I know, I know. Another seemingly sensationalistic claim tossed out into cyberspace like so much line at the fishing hole. Sure, winning the lottery can change your life — but a piece of music?
Of course. Even the most hardened Hannibal Lecters (remember the Goldberg Variations scene?) know that music does something deep inside us. Allow me to rhapsodize for a moment about some music that, I believe, does the human heart good.
1. Vaughan Williams’ Fantasia on a Theme by Thomas Tallis
This piece is so incredibly special that I really don’t know where to begin with it, except maybe right at the beginning. Its atmospheric introduction takes you somewhere else — I always envision mist rising off the verdant English countryside, in a gray and distant century long past.

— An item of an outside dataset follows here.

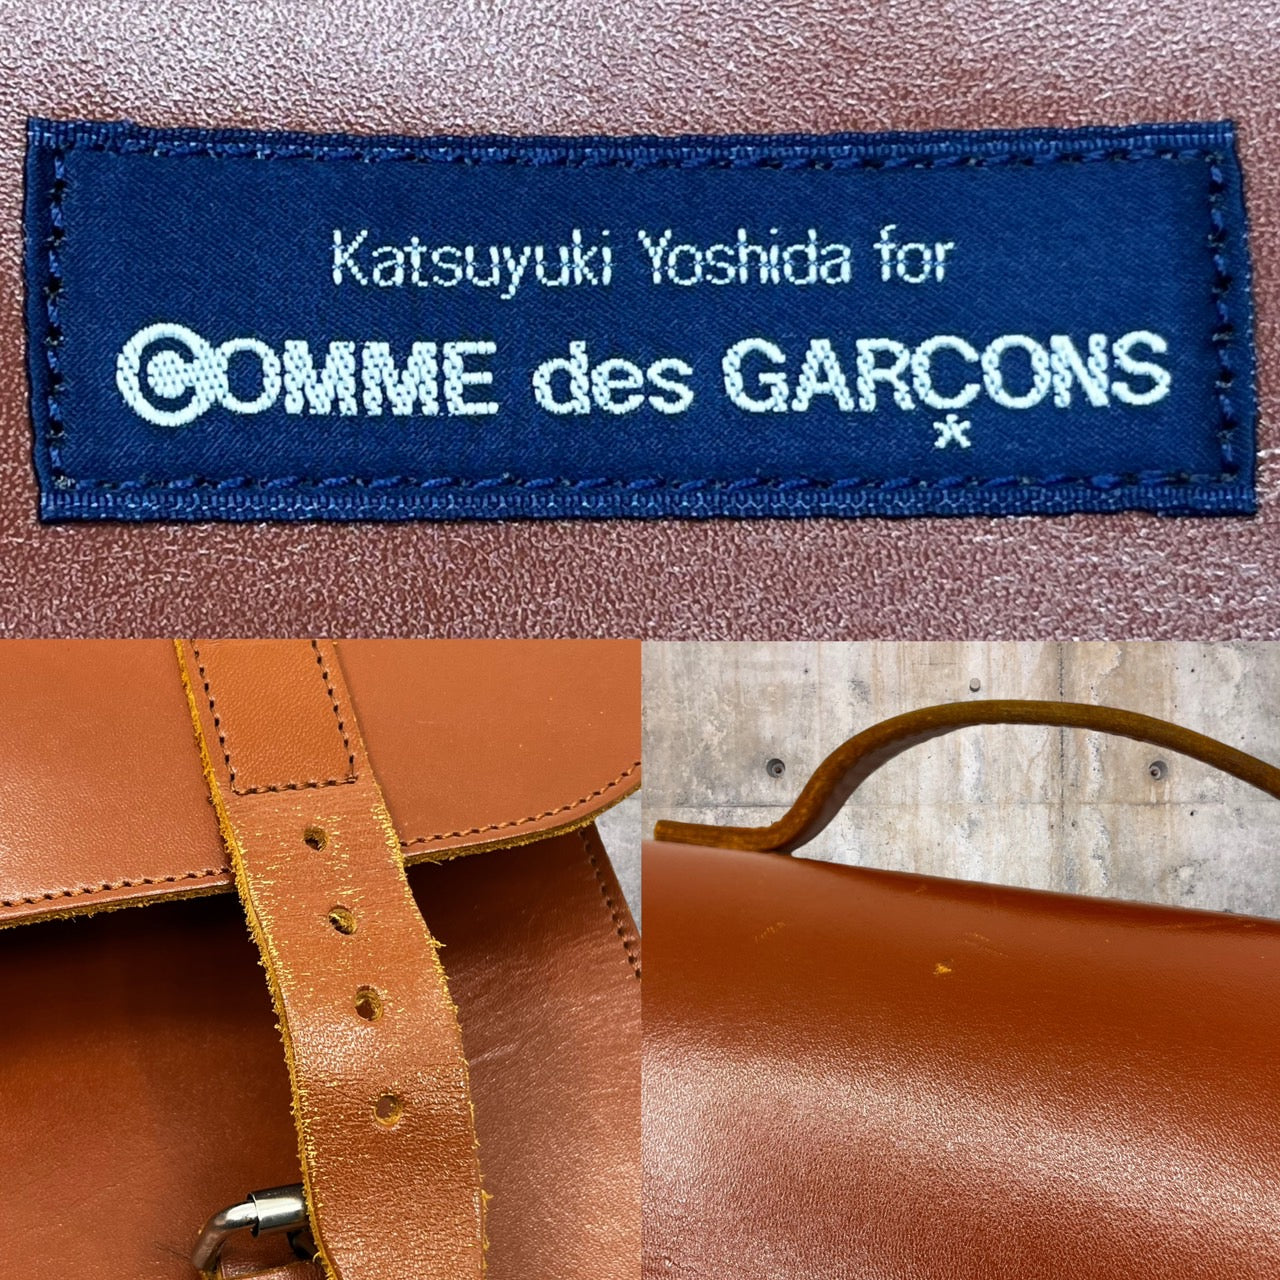 Katsuyuki Yoshida for COMME des GARCONS(カツユキヨシダフォーコムデギャルソン) aoyama limited 2WAY leather shoulder bag/青山限定2WAYレザーショルダーバッグ/吉田克幸 ブラウン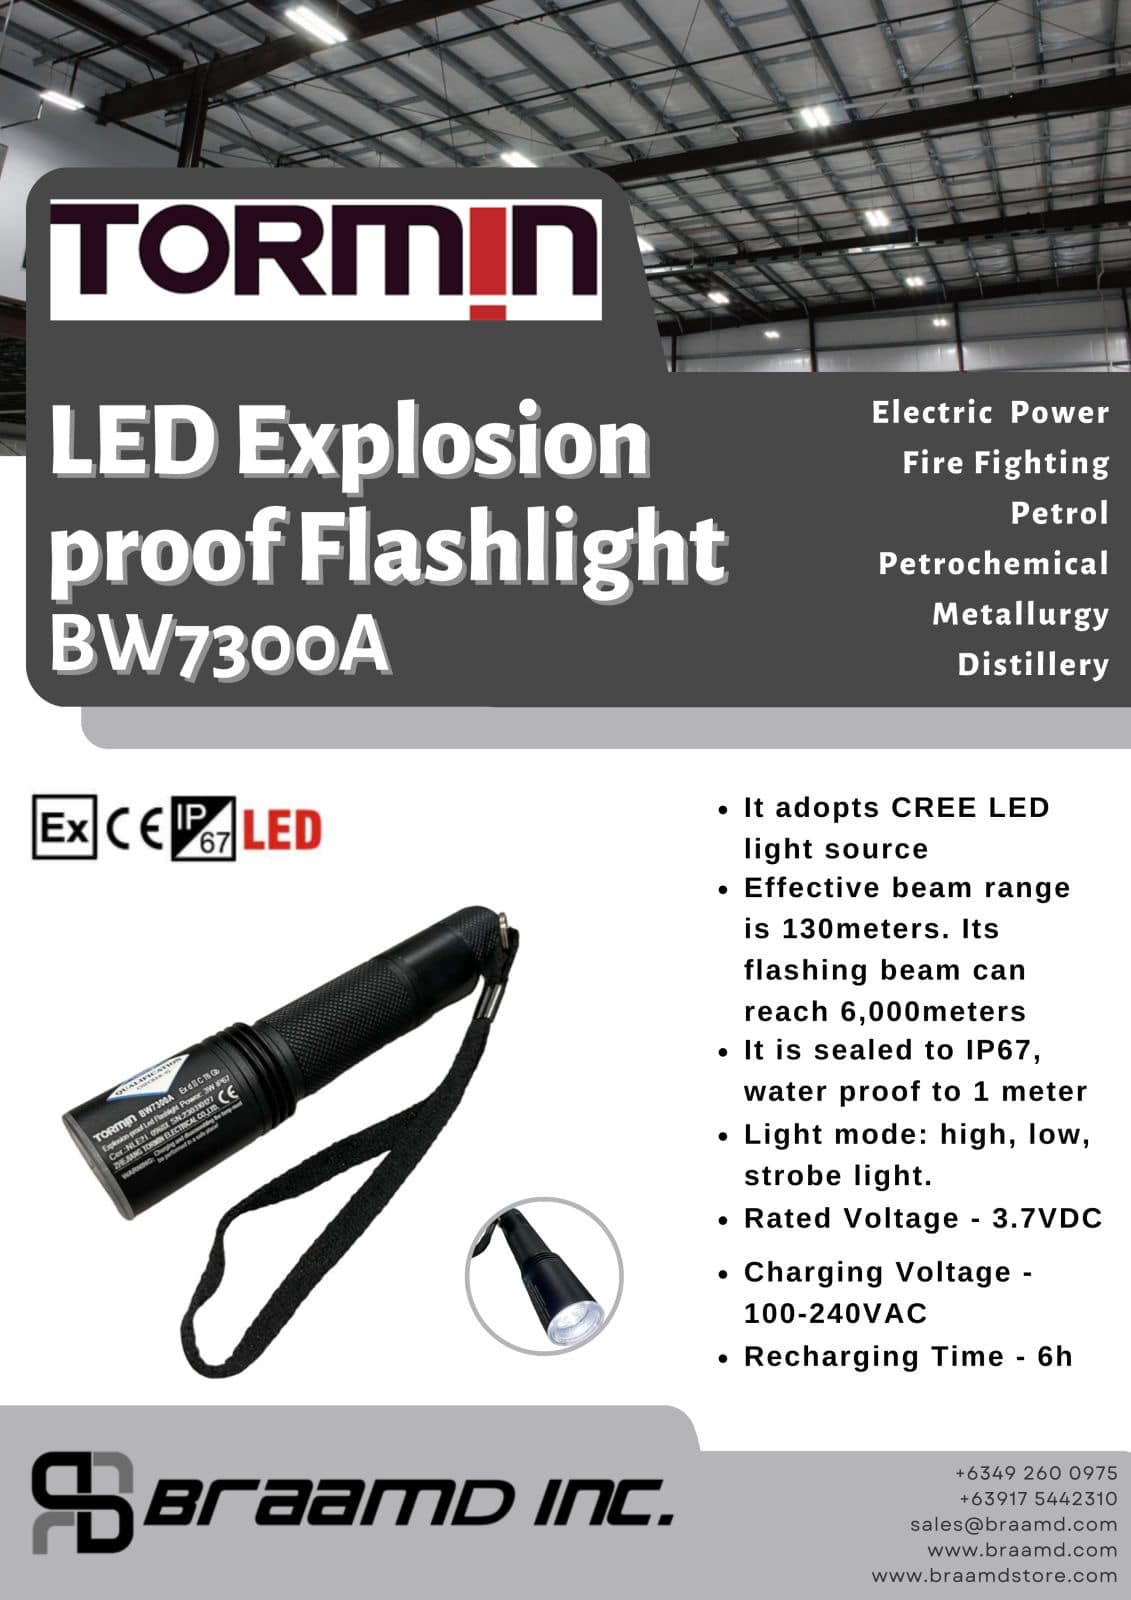 TORMIN LED Explosion proof Flashflight

Then there’s the stunningly understated treatment of the mournful melody by the 16th-century English composer Thomas Tallis on which Vaughan Williams based the piece, and all of the later moments that have the musical feel of incense floating to the heavens in an English gothic cathedral.
Just listen to it. The piece can speak plenty well enough for itself.
How this music can change your life: It gives you an excuse — as if you need one — to bask in sheer beauty.
Andrew Davis leads the BBC Symphony Orchestra:
2. J.S. Bach’s Brandenburg Concertos (Take your pick.)
Bach composed six so-called Brandenburg Concertos, concerti grossi in an all-new style and dedicated to the margrave of Brandenburg in a fruitless effort to curry enough favor with him to get a job.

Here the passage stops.